Calculating the intersection area between two rectangles with axes not aligned
I want to calculate the intersection over union IoU between two rectangles with axes not aligned, but with an angle of the axes smaller than 30 degrees. An approximate value is also seeked. One possible solution is to check if the angle between the two rectangles is less than 30 degree and than rotate them parallel to aligne the axis. From here it is easy to calculate the IoU. Another possibility is to use monte carlo methods for the intersection ( generate a point, find if the point is under some line of one rectangle and above some line of the other), but this seems expensive because I need to use this calculation a large number of times.

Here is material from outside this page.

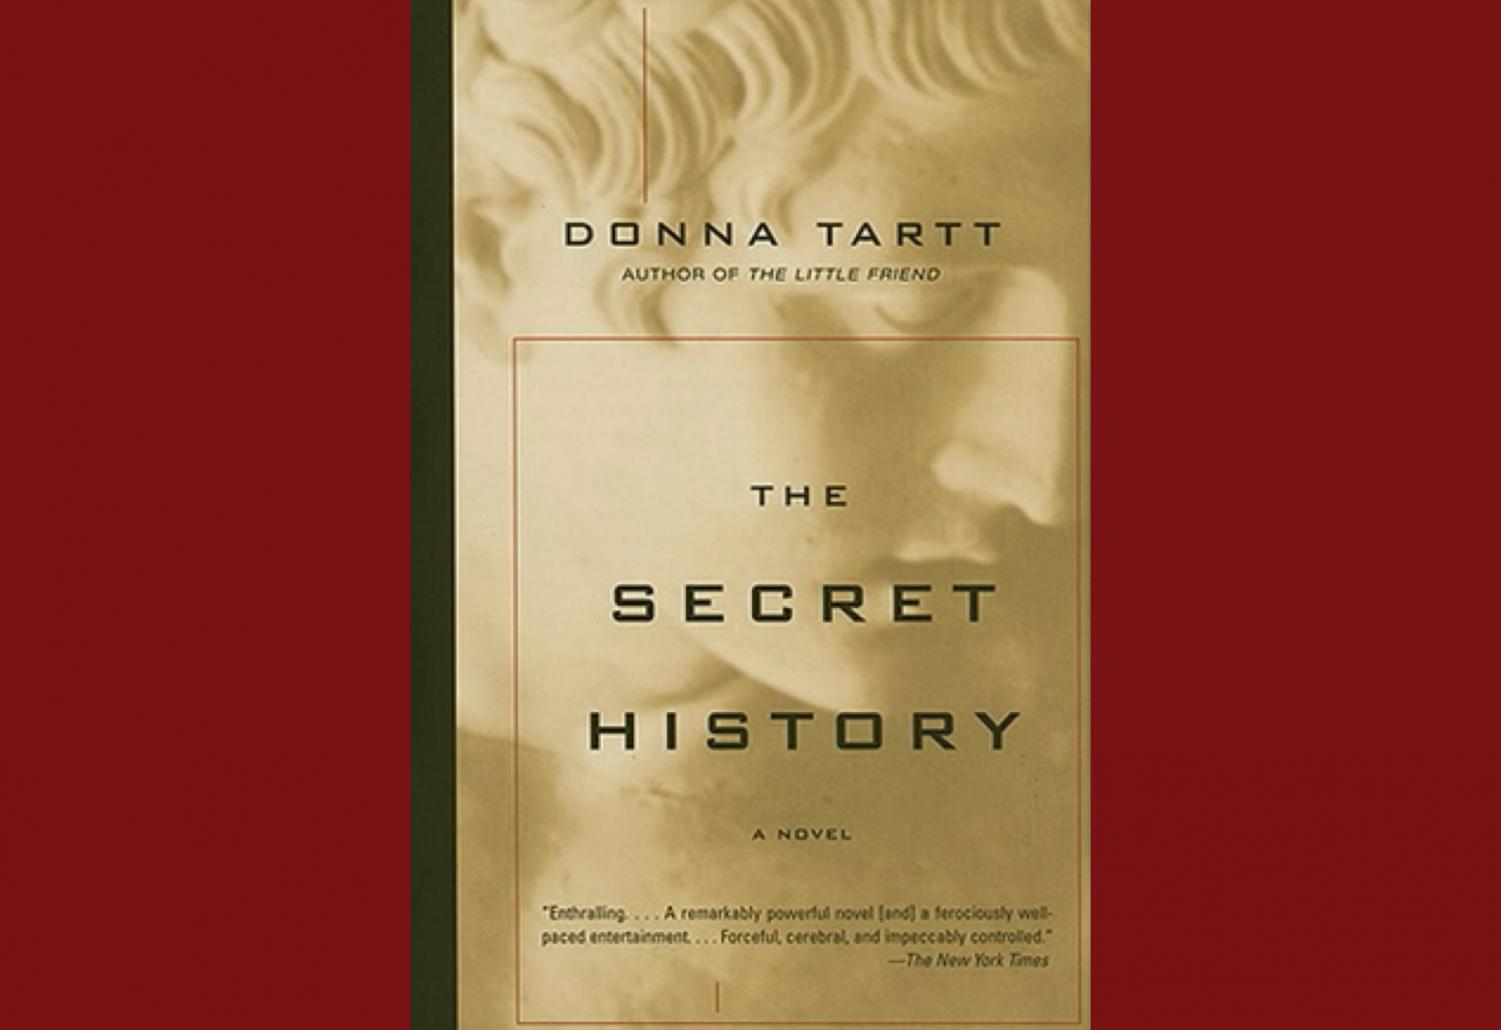 The Secret History: greek mythology, trust funds and first degree

I was hopping that there is something better out there; maybe a geometry library, or maybe an algorithm from the computer vision folks. I am trying to learn grasping positions using deep neural networks. My algorithem should predict a bounding box (rectangle) for an object in an rgb image. For any image I have also the ground truth (another rectangle) bounding box. From this two rectangles I need the IoU. Any idea?
Since you're working in Python, I think the Shapely package would serve your needs.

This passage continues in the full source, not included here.